The delay disappointed throngs of spectators and the US president, Barack Obama and his family who visited the Kennedy Space Center.

Mike Leinbach, the NASA launch director, said the next try for the launch would be Monday at the earliest.

Technicians will have to crawl into the engine compartment to track a suspected electrical short in a power distribution box.

“We’ll fly no orbiter before it’s time, and today she just wasn’t ready to go,” Leinbach said.

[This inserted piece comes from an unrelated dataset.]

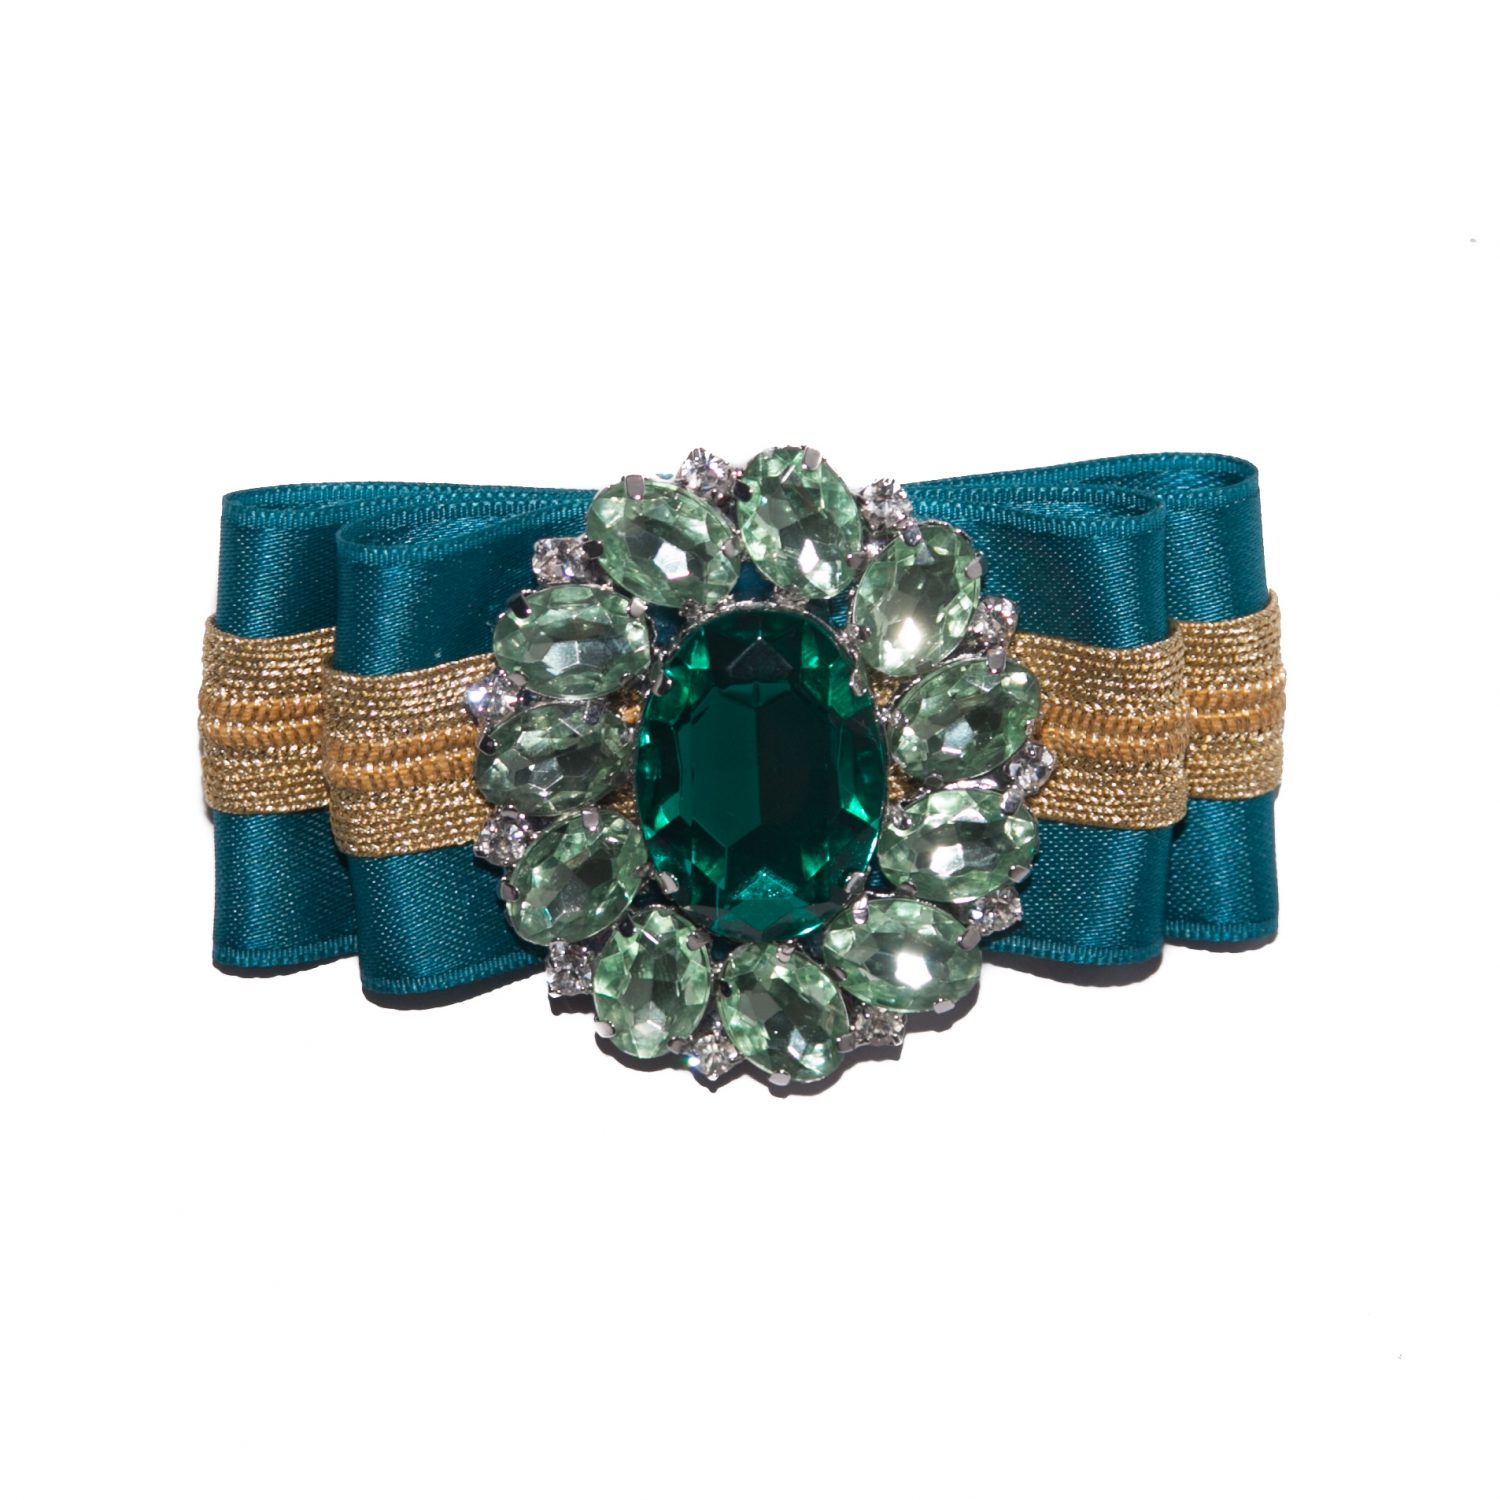 Amazing new trend Strik, Bow, Brooch in Dark Turquoise with gold accent ribbon and extra large Multicolor Green Glass Brooch in center online kopen buy www.axelles.be

Late on Friday morning, one of the two prime heaters for a fuel line feeding one of Endeavour’s three auxiliary power units failed. At the same time, another heater was acting up.

Leinbach said both main heaters need to be operating for redundancy. The power units provide hydraulic pressure to the main engines at liftoff and to the rudder and speed brake during landing.

The short appears to be in a switchbox or an electrical line leading to it, Leinbach added.

Obama was also supposed to meet Gabrielle Giffords, the mission commander’s wounded wife. Giffords, who is an Arizona congresswoman, is recovering from a gunshot wound to the head, and has been at Cape Canaveral since Wednesday to attend her husband’s launch.

Giffords hasn’t been seen publicly since the January 8 assassination attempt, and left her Houston rehabilitation hospital for the first time to travel to Florida. It is not immediately known whether she would stay for another try or return to Houston.

Endeavour’s upcoming mission to the International Space Station is the last in its 19-year history. It will deliver a $2bn physics experiment.

The shuttle, the youngest in the fleet, was built to replace Challenger, destroyed during lift-off in 1986, and made its maiden voyage in 1992.